Karen Richards has over 20 years’ experience in Nursing, Public Health and Sociology and is a Mental Fitness and HeartMath® Certified Coach. She is a parent of 3 daughters. Whilst in the turmoil of brain fog, overwhelm and depression, she was introduced to a handful of simple heart-based techniques with biofeedback which, with daily practice, have transformed the way she approaches stressful circumstances.
On my usual stomp around my local area to get some evening exercise, thoughts started crowding in about a friend who’d recently let me down. Within a minute or two, my thoughts had gone from focussing on what that person had done, to thoughts of a relationship I’d had when I was in my early 20s (30+ years ago!). Then nostalgia, a feeling of loneliness, melancholy, of ‘not fitting in’ and a ‘what if’…as my victimized self began to take hold.
And then it stopped. I found myself smiling. Curious at how fast these negative thoughts jump back in, start flexing their muscles, ready to run away with my mind and create a long story (of what would be a draining self-pity) if I’d let it. All under the guise of aiming to protect me! From what? From being hurt again. This is how our Survival Brain works.
It stopped because I had chosen to stop it. I’d commanded it to.
Self-pity versus compassion
The feeling of self-pity can be satisfying for a while, but it doesn’t feel pleasant, and I didn’t want to waste my time entertaining it. So, then what? How do you change the trajectory?

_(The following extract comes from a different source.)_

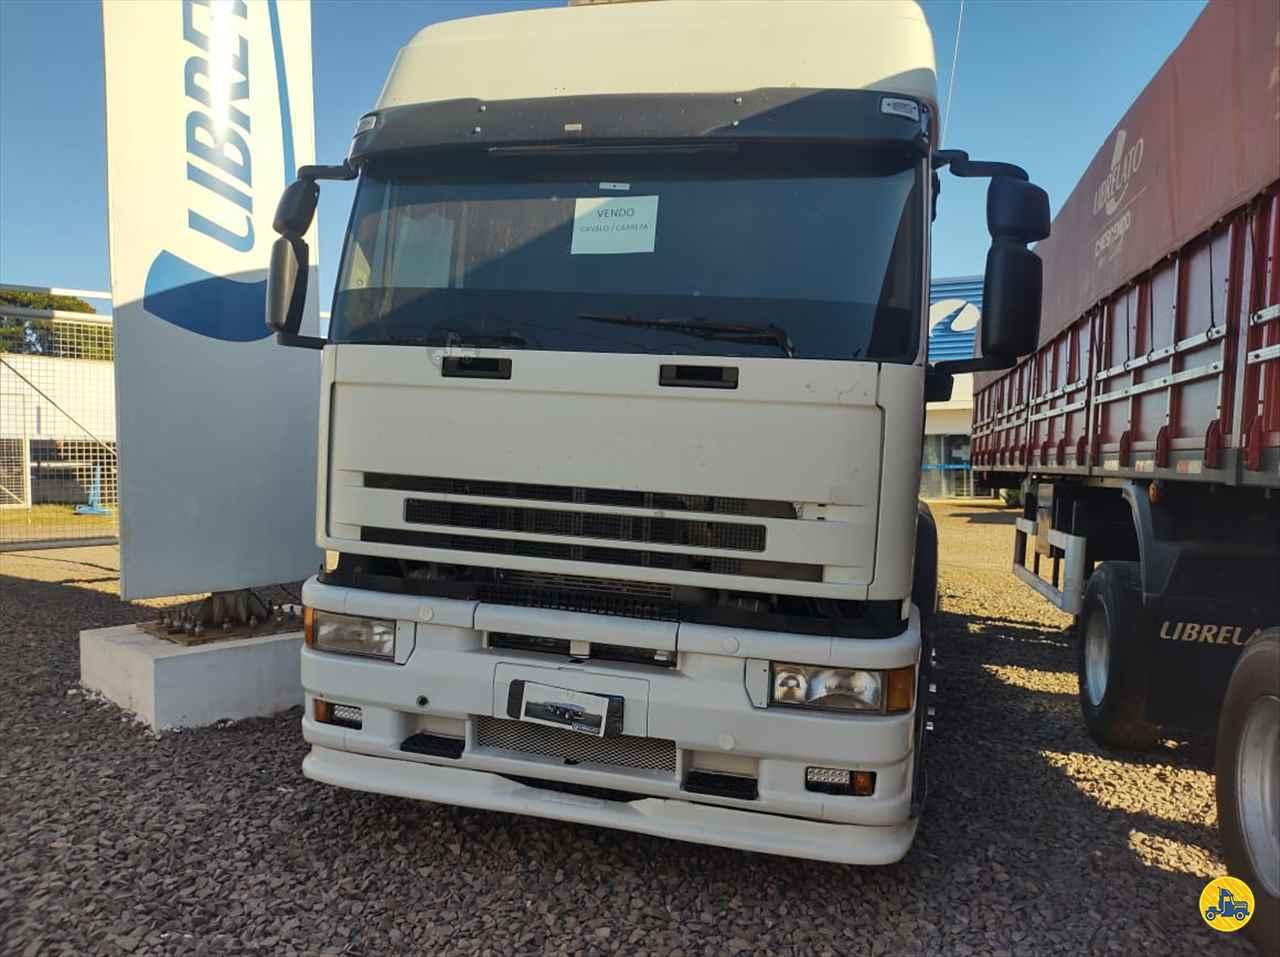 CAMINHAO IVECO EUROTECH 450E37 Cavalo Mecânico Truck 6x2 Librevel - Librelato CASCAVEL PARANÁ PR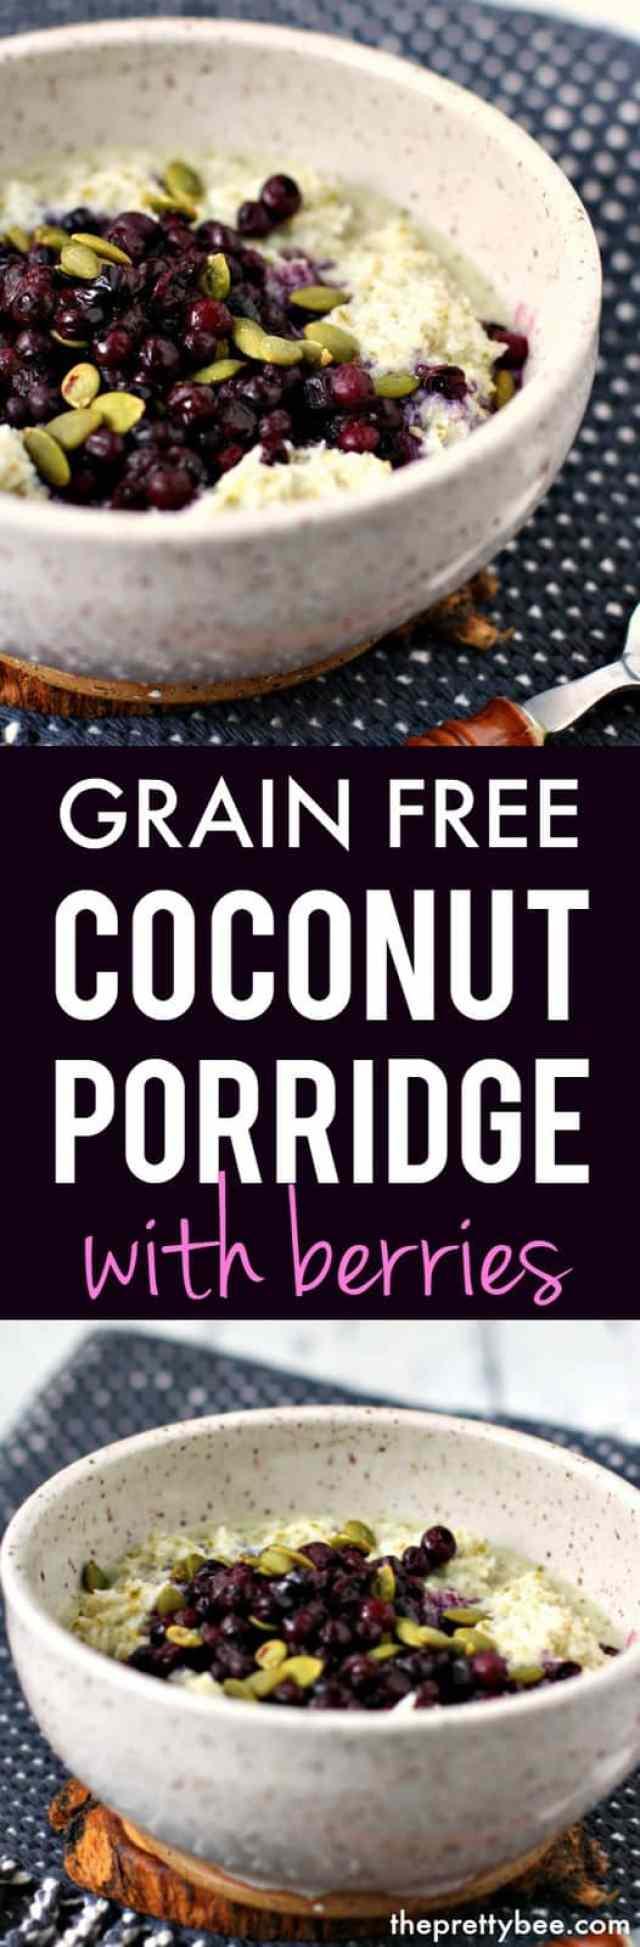 dairy free coconut porridge

To begin with, I focused my attention on the ground under my trainers, the movement of my feet and the sound of the gritty path. This created a break in the cycle of negative thinking.
10 seconds later, I asked myself “How do I want to feel? What do I need?”. After all, I can’t change what’s done. I didn’t want to block it out either. Life isn’t perfect and I wanted to honour my experience of it. I didn’t want to deny what I felt but I wanted to feel better!
What would be a more positive emotion for me to reach for? Something that respected the efforts I’d made and the sadness, anger, and frustration I felt?
Compassion and love for myself was what came up. My heart felt compassion and then followed it up with love. It acknowledged and appreciated the pain I felt. It didn’t judge me, and it helped me let go of the resentment towards the two people I was angry with. I felt peaceful. Now I began to properly enjoy my walk, noticing the shapes and changing colours of the leaves and the flowers and shrubs in the gardens.
Other thoughts popped up: “Hey! Wow! Look at you in your late 50s and striding up this steep incline with ease!” I even thanked my body! I felt happier, lighter and the negativity which had almost hijacked my mind, paled in comparison.
Choose positive thinking and emotions
Our brain’s neural pathways have a tendency towards the negative. This has become a problem because our needs as a human species have changed. Our pain is exacerbated because we reinforce these neural pathways with our negative thinking and emotions. Thankfully, we can train our brain to create and reinforce pathways which make us feel better, with huge health benefits.
We weren’t given a workable operating system from childhood. We weren’t given the best tools to navigate our way through life’s challenges. I’m not blaming parents, because often they weren’t given the best tools either, but there are simple, effective ways to shift out of negative thoughts and emotions. Insight is only 20% of transformation. The other 80% comes from practice. You can rewire your brain and build emotional resilience like you build muscles, with a few minutes of repeated practice a day.
Start with choosing to feel compassion and love for yourself, focus your attention on something in nature, and tap into the awesome power within you.